What do you think are the best UVA and UVB bulbs in your opinion? Because I hear the coil UVA bulbs are bad for the tortoises. I just need something that will work very well.


----------



## wellington (Apr 16, 2012)

I have a leopard. I use the zoo med power sun MVB. The very best is natural sun light. I live in Chicago, so that is not an option for me during winter. However if you can get yours out at least three to four days a week for as long as possible or at least an hour you really don't need artificial sun. Others should be on soon to voice there favorite bulbs.


----------



## JoesMum (Apr 16, 2012)

Your tort needs UVB to be healrhy rather than UVA.

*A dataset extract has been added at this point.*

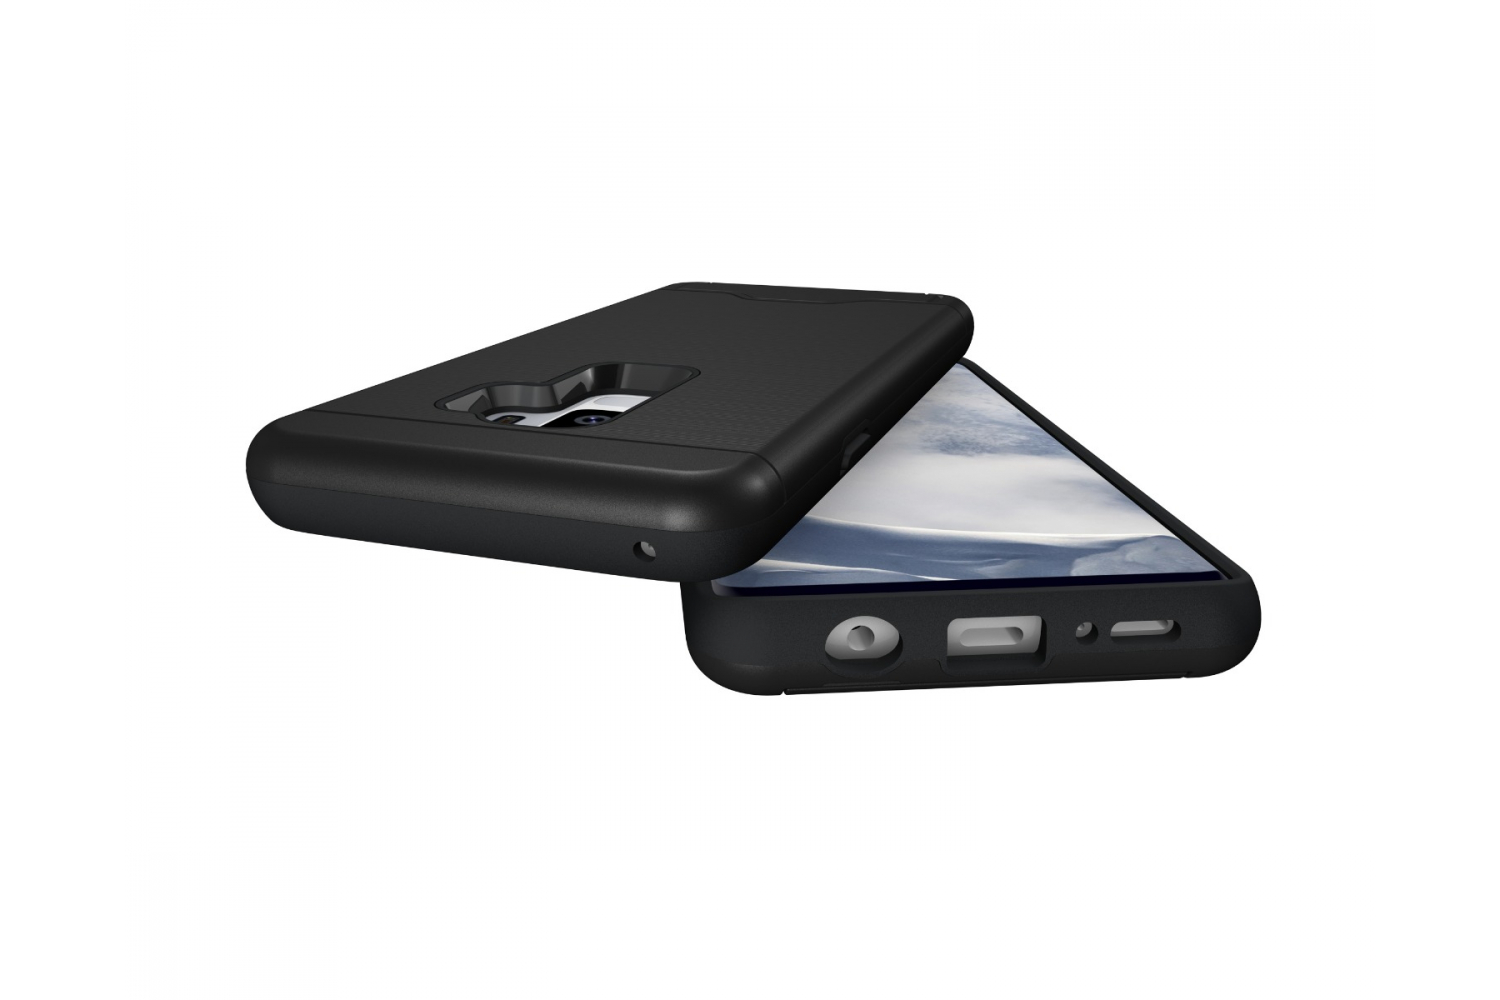 Samsung Galaxy S9 Plus Back Cover Case Zwart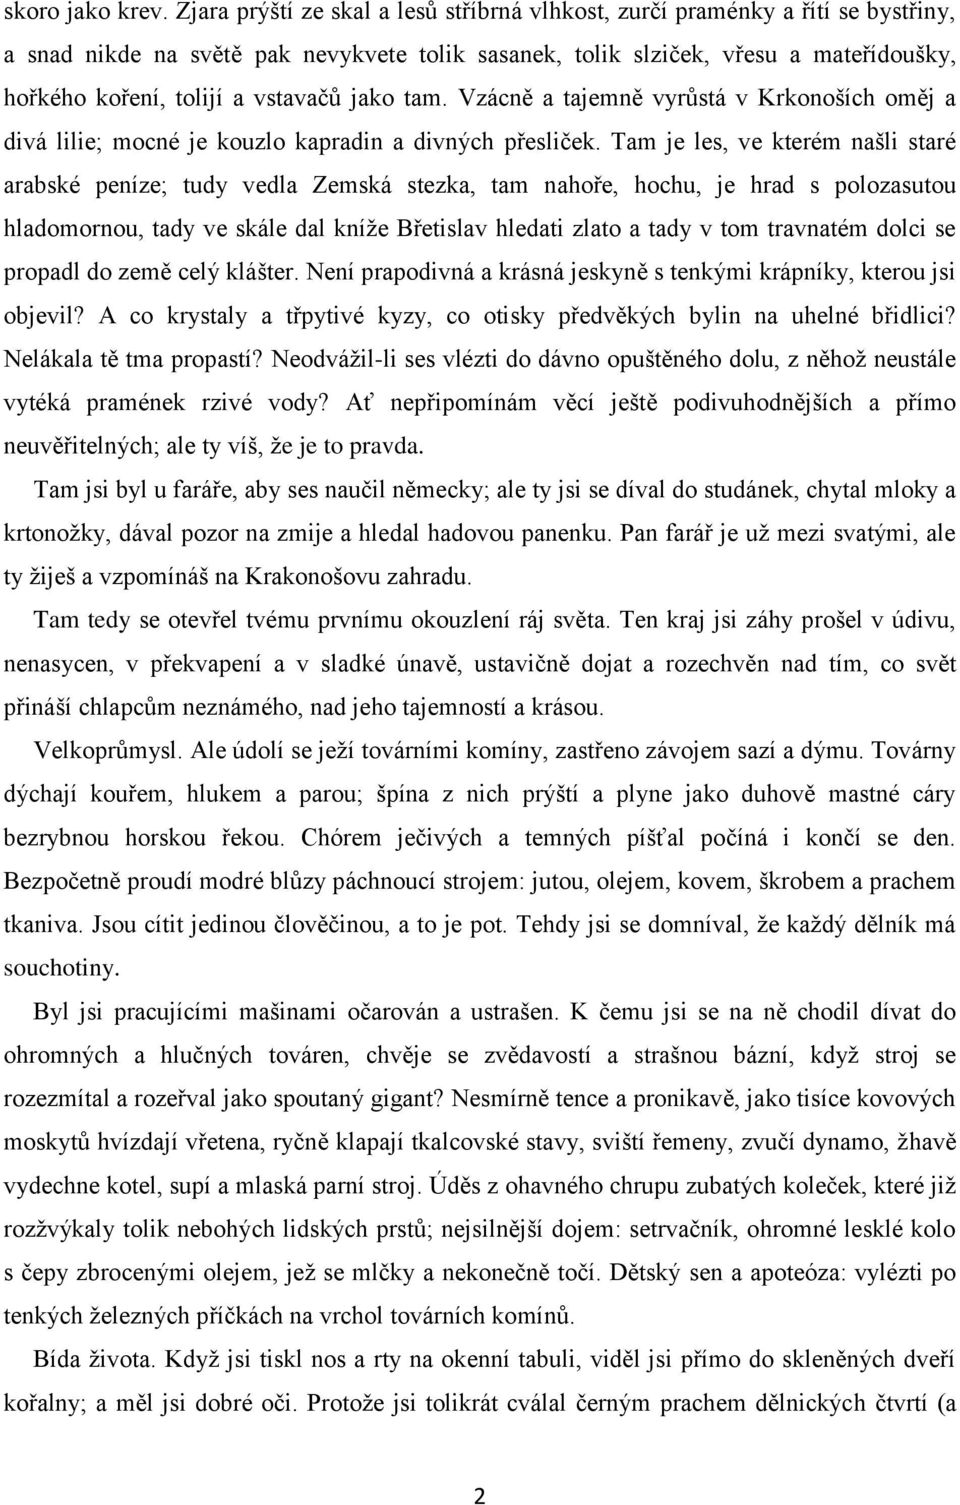 KAREL ČAPEK, JOSEF ČAPEK KRAKONOŠOVA ZAHRADA 1 - PDF Stažení zdarma

Coil bulbs have a reputation for damaging eyes. So it's better not to use one of these.

I use a tube MVB light when the UK weather makes natural sunlight an impossibility. MVB is also very good, so either will do


----------



## A.Yaj (Apr 16, 2012)

wellington said:


> I have a leopard. I use the zoo med power sun MVB. The very best is natural sun light. I live in Chicago, so that is not an option for me during winter. However if you can get yours out at least three to four days a week for as long as possible or at least an hour you really don't need artificial sun. Others should be on soon to voice there favorite bulbs.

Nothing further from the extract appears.